Entretanto, as crianças prodígio não necessariamente se tornarão gênios que irão revolucionar o mundo. Nós assumimos que isso acontece porque elas não têm habilidades socioafetivas e, portanto, não podem ser tão bem-sucedidas. No entanto, evidências sugerem o contrário – na verdade, menos de 25% das crianças prodígio sofrem de algum problema relacionado à área socioafetiva. A maioria delas tem vida normal. Então, o que as impede?

Elas não aprendem a ser originais. A maioria dessas crianças está constantemente buscando a aprovação de seus pais e a admiração de seus professores. Elas crescem e se apresentam em concertos de prestígio, mas ainda falta alguma coisa. O que acontece é que a prática aperfeiçoa, mas não traz nada novo.

Essas crianças aprendem a tocar Mozart e Bach, mas raramente compõem suas próprias músicas. Sua energia está tão concentrada em consumir o conhecimento existente, que não produzem novas ideias. Estudos indicam que as crianças mais criativas são as menos propensas a se tornarem as favoritas dos professores – por isso, é comum que elas guardem suas ideias para si.

Ao crescerem, muitas dessas crianças prodígio se tornam especialistas em suas áreas e líderes em suas organizações, mas apenas algumas delas se tornam criadores revolucionários – diz a psicóloga Ellen Winner.

Então, o que torna uma criança criativa?
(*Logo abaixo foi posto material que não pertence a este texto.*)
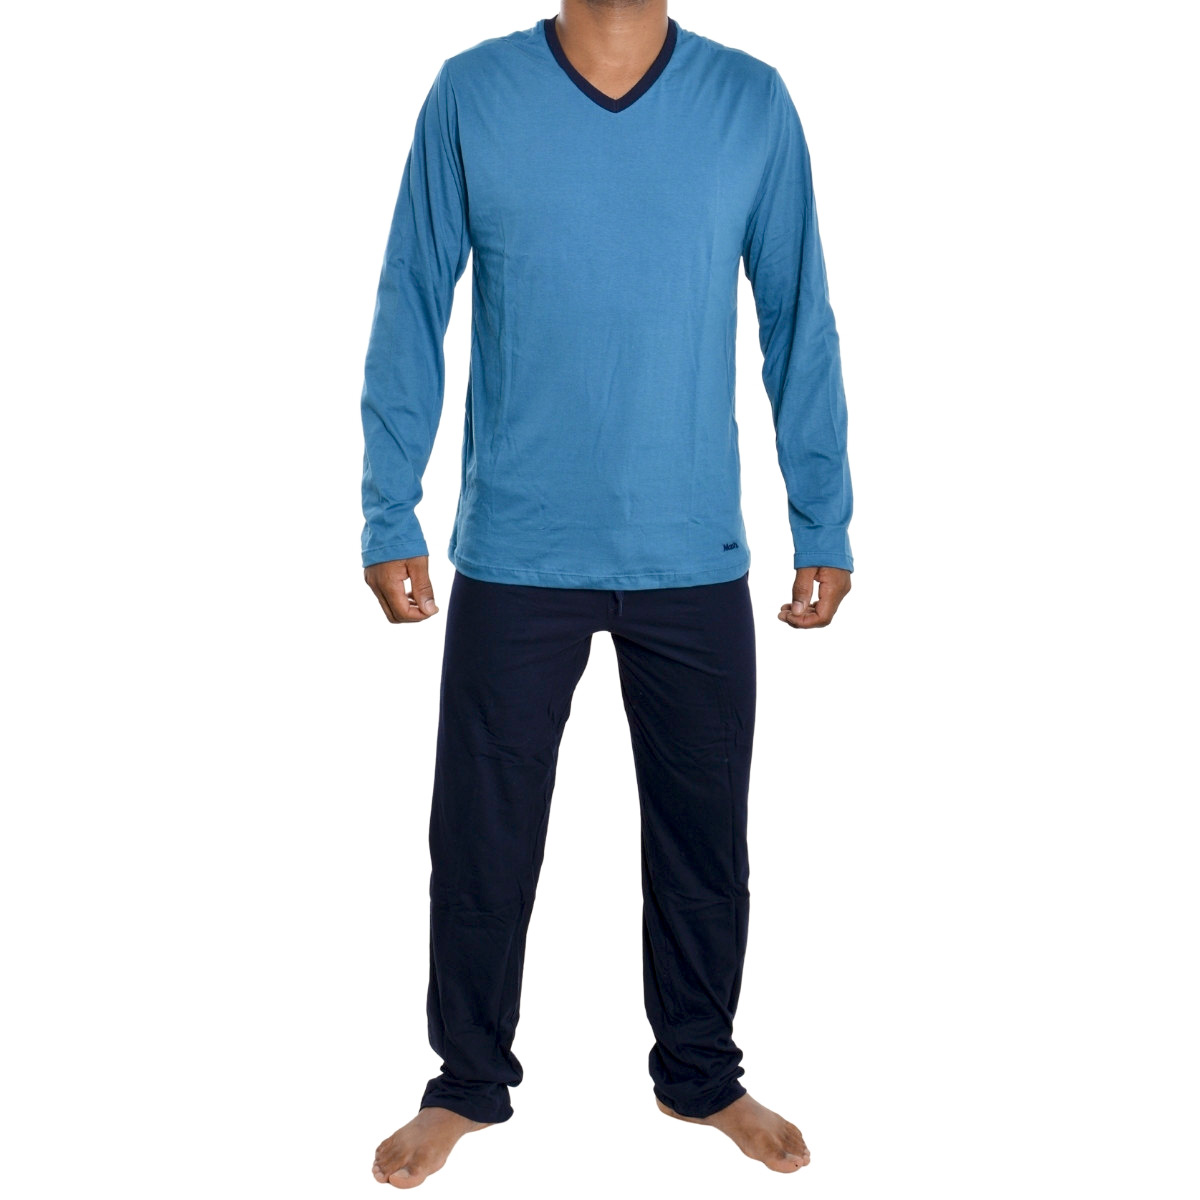 Pijama masculino para o inverno em algodão Mash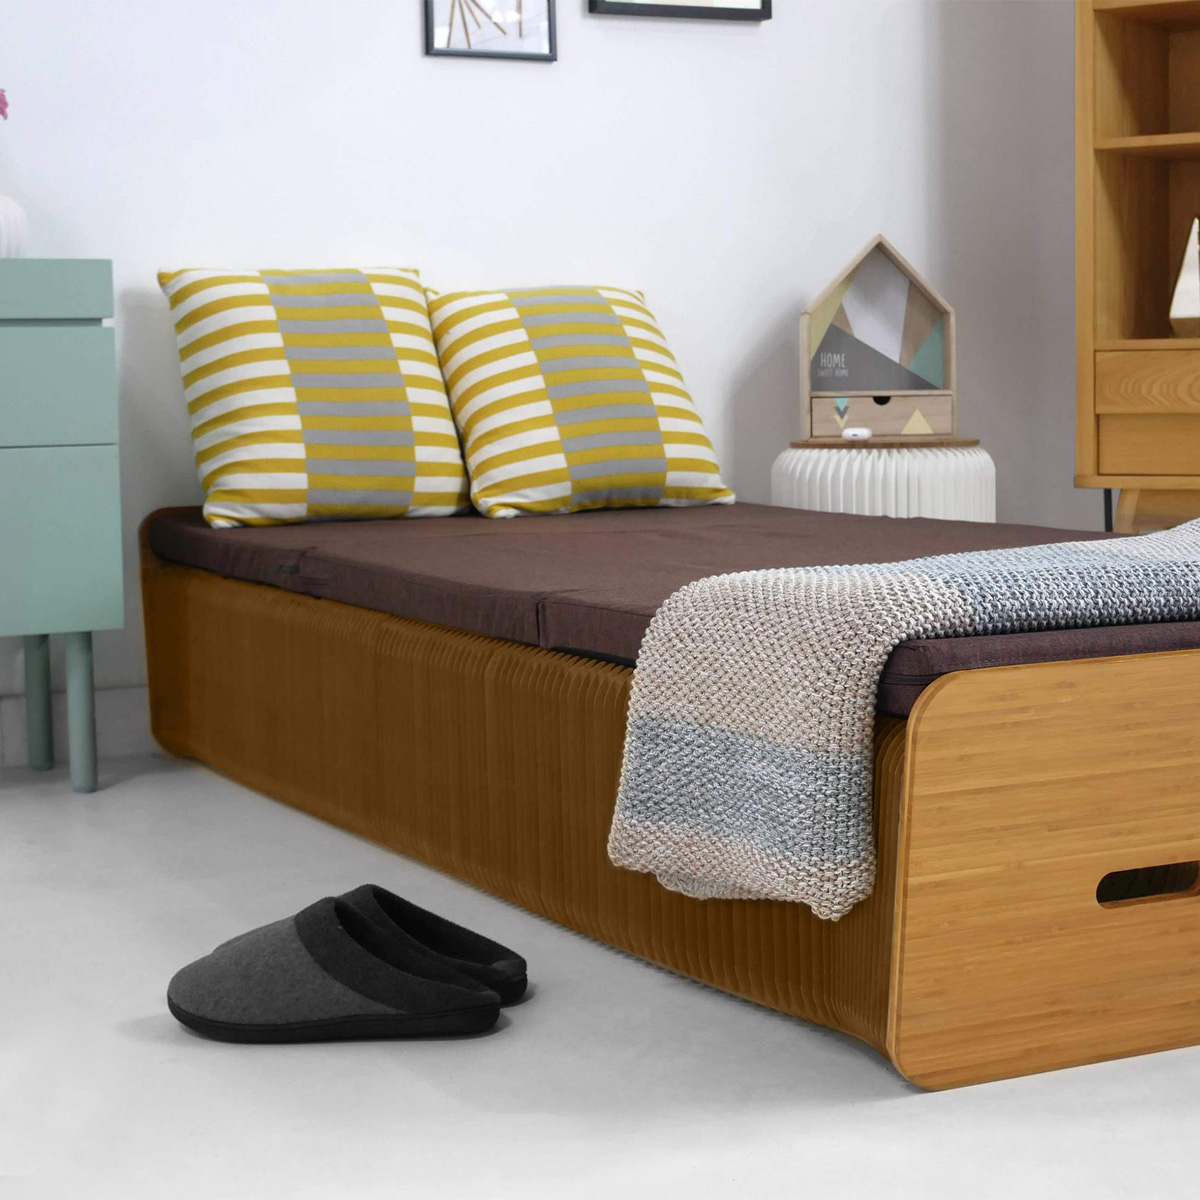 Ici, le lit en carton alvéolé est déplié et va jusqu'à 2 mètres. Le matelas est inclu avec et le lit supporte jusqu'à 500 kgs. Vous pouvez dormir dessus en toute tranquilité et confort.

Um estudo comparou as famílias de crianças que foram classificadas entre as 5% mais criativas de suas escolas com aquelas que não eram tão criativas. Os pais das crianças "comuns" tinham, em média, 6 regras da casa, além de uma programação específica com horários para o dever de casa e para dormir. Os pais das crianças mais criativas tinham 1 regra ou menos em casa.

A criatividade é difícil de cultivar, mas fácil de ser inibida. Ao limitar as regras, os pais inspiram os filhos a pensar por si mesmos. "Eles tendem a se concentrar mais em valores morais do que em regras específicas", diz Teresa Apabílela, psicóloga de Harvard.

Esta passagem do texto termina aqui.